Between a flagging console space and a social bubble bursting, 2012 may not have seemed like a banner year for the industry, but there was at least one record set. According to a new report from investment bank Digi-Capital, last year saw a record amount of mergers and acquisitions value.
Boosted by huge deals like Nexon buying 15 percent of NCsoft ($685 million), Nexon acquiring Gloops ($468 million), and Sony picking up Gaikai ($380 million), the 2012 M&A tally hit $4.2 billion. Previously, the highest amount of M&A activity Digi-Capital had tracked was 2011's $3.4 billion.
While the deals were bigger, there actually weren't as many as there were in 2011. The number of M&A transactions Digi-Capital identified in 2012 (84) was actually down 26 percent year-over-year. The industry also seemed to shift eastward, as the acquiring parties in eight of the 10 largest deals were from China, Japan, or South Korea.

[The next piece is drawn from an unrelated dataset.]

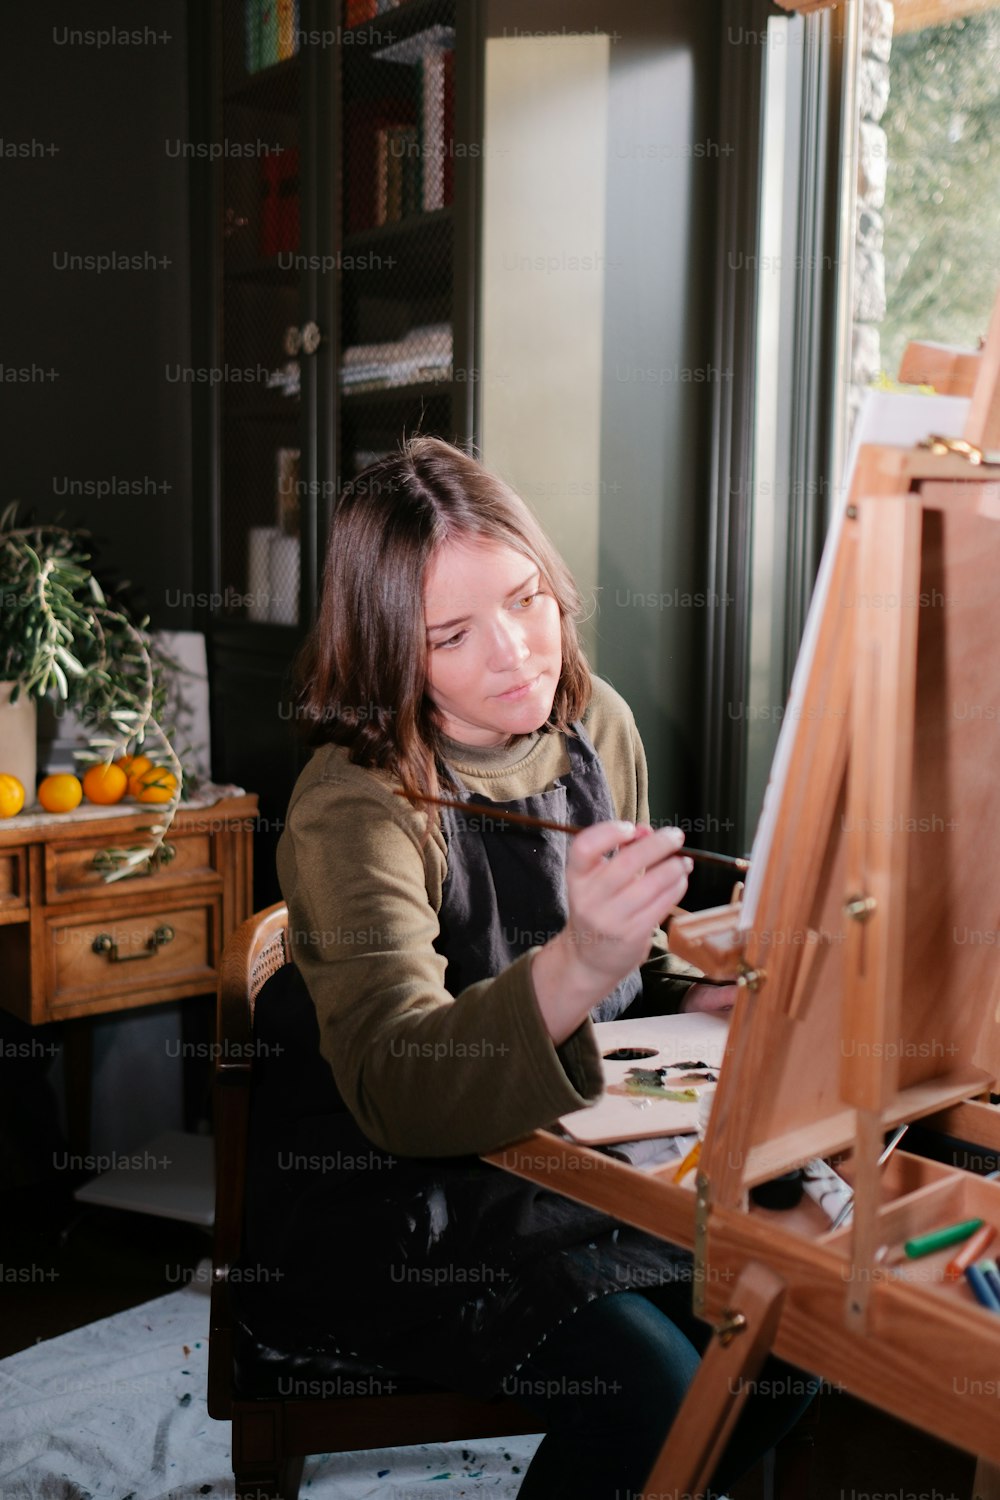 Una mujer sentada frente a una pintura de caballete
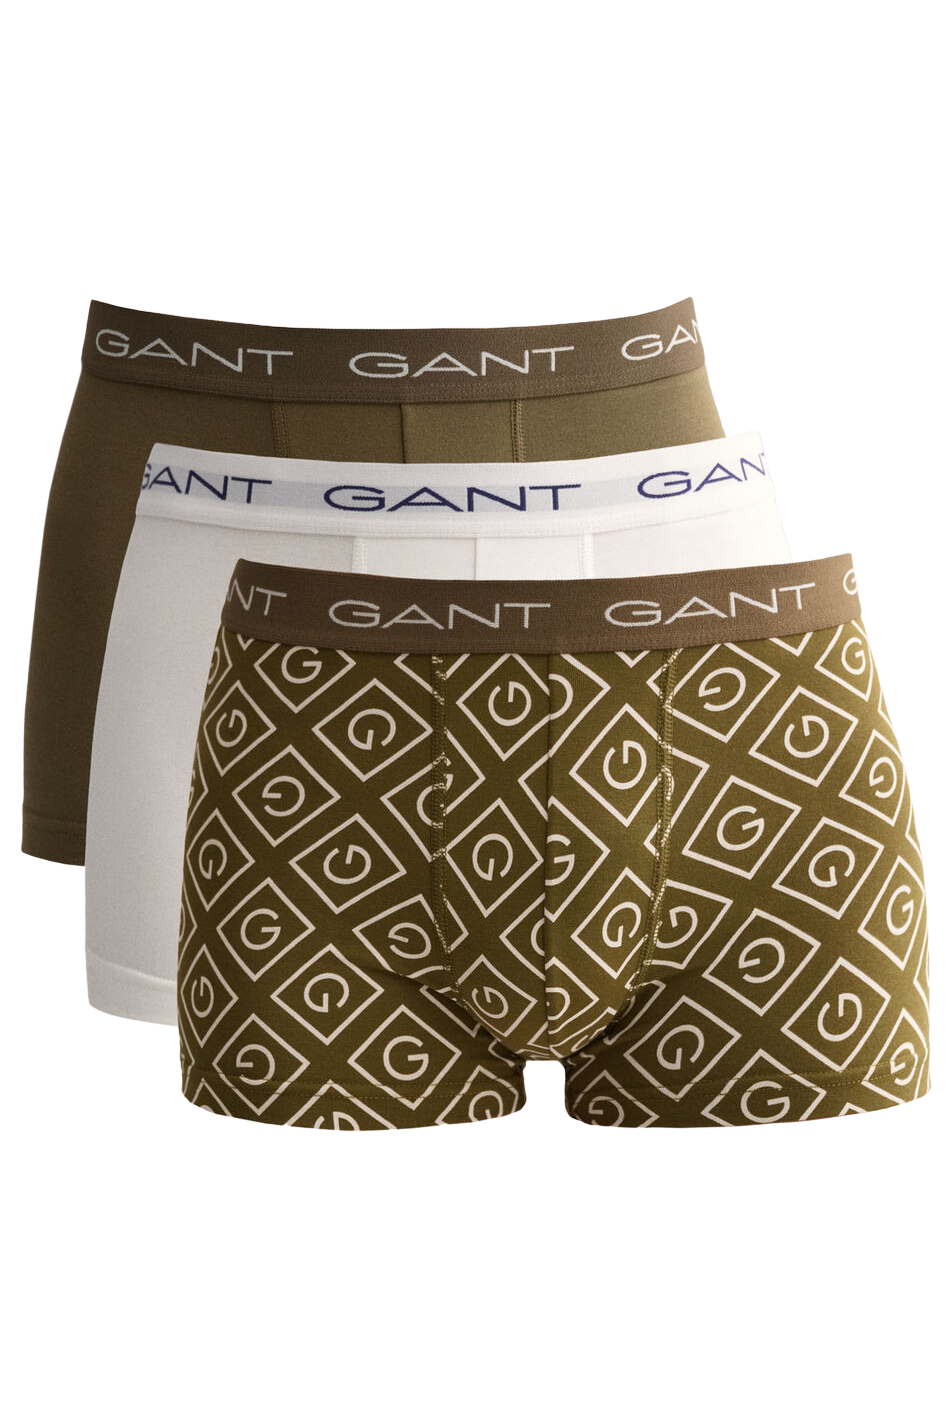 Gant 3 Pack Men's Iconic G Trunk

On the other hand, gaming investment activity in 2012 was down sharply to an $868 million total, a decline of more than $1 billion (56 percent) from 2011. The average investment fell in step, down 56 percent to $5.2 million. Digi-Capital put the blame squarely on the collapse of the social game market, noting that lowered investment in the social sector accounted for 96 percent of the decline. The Zynga IPO in particular was enough of a scare that some venture capitalists have been driven out of the games market entirely, according to the report.
Looking ahead, Digi-Capital said growth in online and mobile games could push the total games market to $83 billion in fiscal 2016, at which point they are expected to account for 55 percent of all gaming revenues. In 2012, online and mobile games brought in $31 billion, or 49 percent of all gaming revenue.